Use ideal class group to find all integer solutions to the equation $$x^3=y^2+200$$
My approach: Observe that $\mathbb{Z}[\sqrt-2]$ is the field of integers in the ring $\mathbb{Q}(\sqrt -2).$ Factorize the RHS of the equation to get $$(y-10\sqrt-2)(y+10\sqrt-2)$$ Thus we can consider the equation as an equality of $\textbf{principal ideals}$:$$(x^3)=(y-10\sqrt-2)(y+10\sqrt-2)$$
If we can show the principal ideals $(y-10\sqrt-2)$ and $(y+10\sqrt-2)$ are coprime, then by the unique factorisation of ideals in a Dedekind domain to to get $$(y+10\sqrt-2)=I^3$$ for some ideal $I$ in $\mathbb{Z}[\sqrt-2]$. In other words $I$ has order dividing $3$ in the ideal class group, moreover,by the order of the ideal class group of $\mathbb{Z}[-\sqrt2]$ is 1 to get $I$ is principal.
Next is to suppose $I=(a+b\sqrt -2)$ and get $(a+b\sqrt-2)^3=y+10\sqrt-2$ for some $a,b \in \mathbb{Z}$, then one can equating coefficients and solve for $y$…
But, how to show $(y-10\sqrt-2)$ and $(y+10\sqrt-2)$ are coprime ideals?
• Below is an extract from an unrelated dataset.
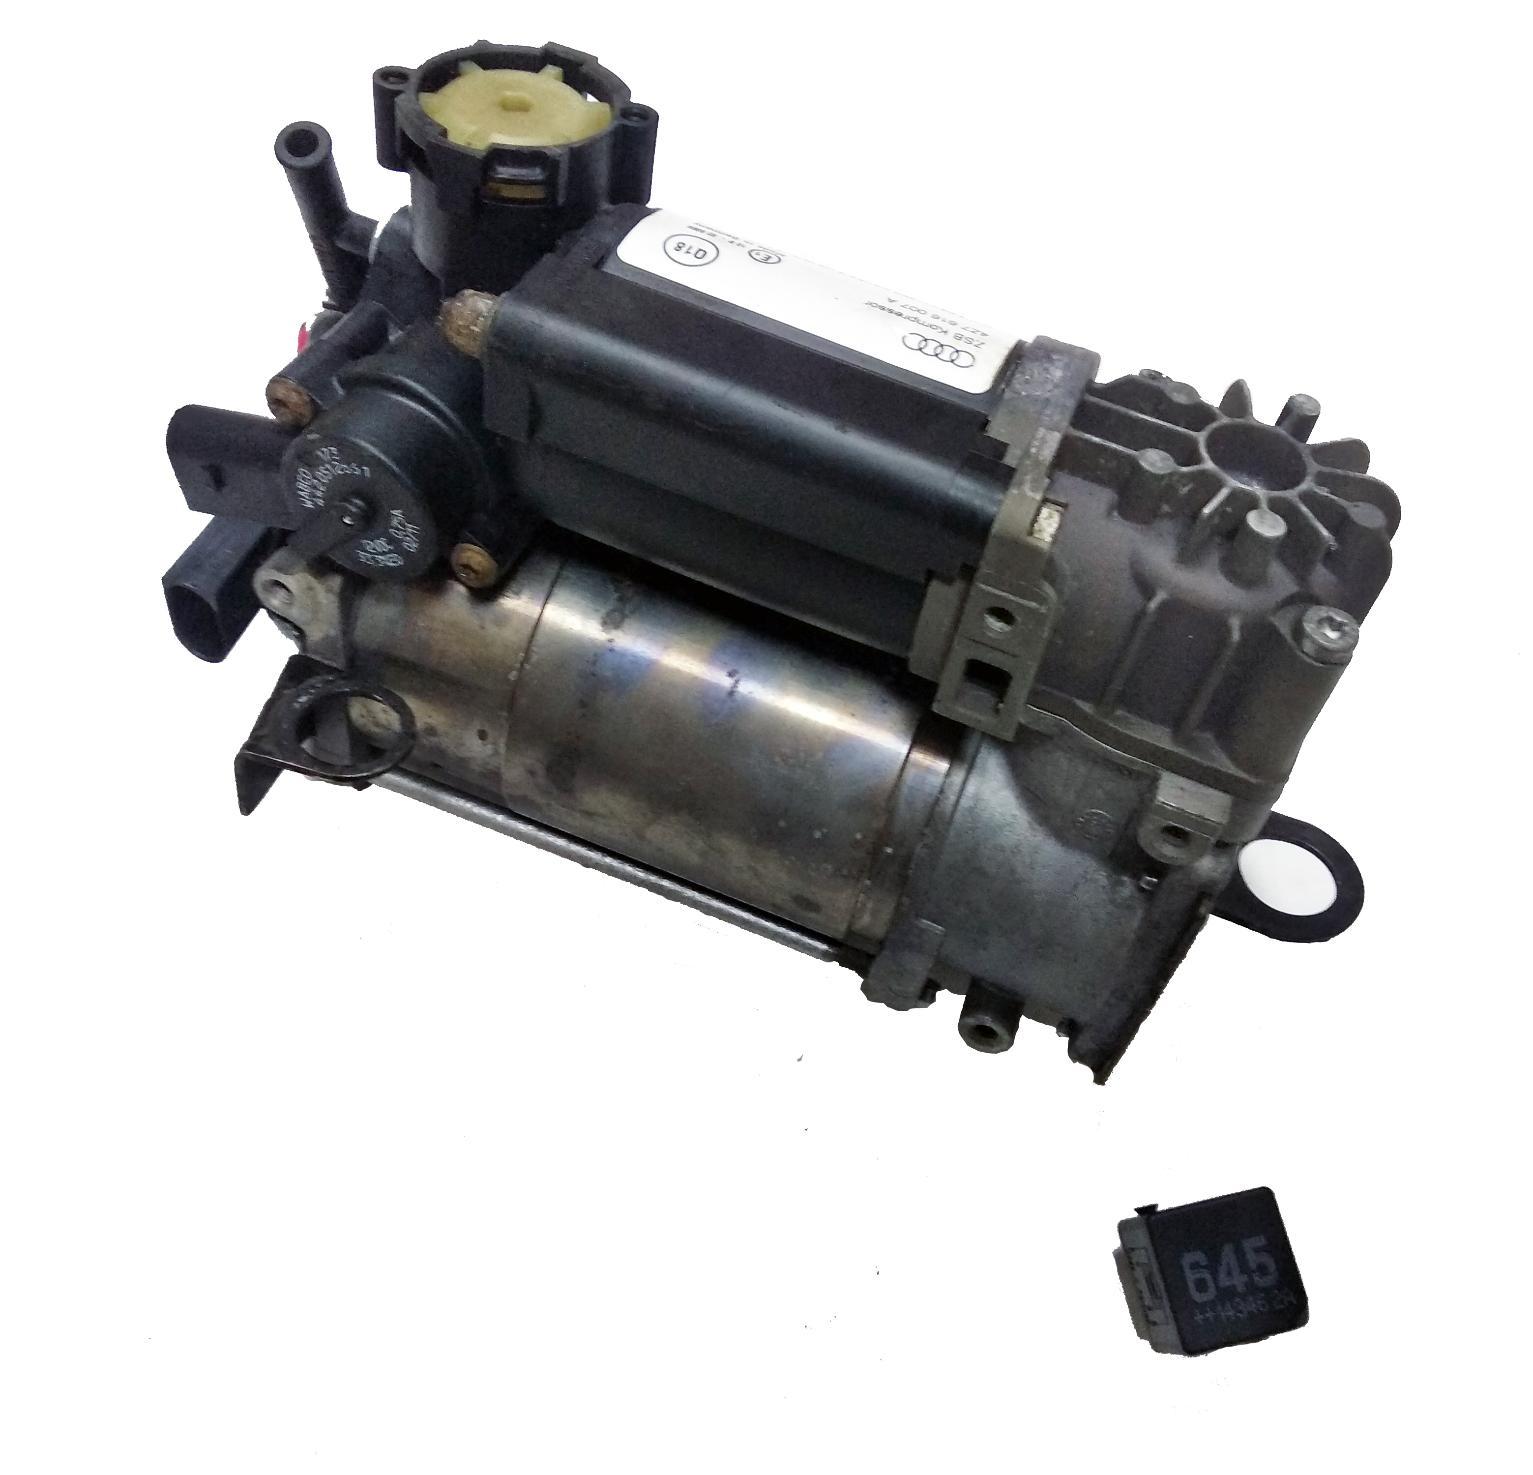 картинка Оригинальный восстановленный компрессор пневмоподвески Wabco для Mercedes-Benz W211, W219, W220 и Maybach W240 (A2203200104) от магазина пневмоподвески ПневмоМаркет

I intend to prove by contradiction: Suppose they are not coprime, then there exists a proper prime ideal $P \subset \mathbb{Z}[\sqrt-2]$ such that $P$ contains both principal ideals, it follows that $$y-10\sqrt-2, y+10\sqrt-2, 2y, 20\sqrt-2, x$$ are all in $P$, so the norm of $P$ divides the norm of each of the numbers above. Observe that $Norm(20\sqrt-2)=200=2^3*5^2$, if one can show the norm of $norm(x)=x^2$ is coprime to $200$ then we reach a contradiction.. But I can't do that in this case as $x$ may not be coprime to $200$? If so then how to show the two principal ideals are coprime?
Best Answer
You may be able to push this kind of argument through:
Suppose 5 divides both $y+10\sqrt{-2}$ and $y-10\sqrt{-2}$. Then $5\mid x^3$, so $5^3\mid x^3$, so $5^2$ must divide one or the other of $y\pm10\sqrt{-2}$, but neither of the numbers $(y\pm10\sqrt{-2})/25$ is in ${\bf Z}[\sqrt{-2}]$. Hence, 5 is not a common divisor.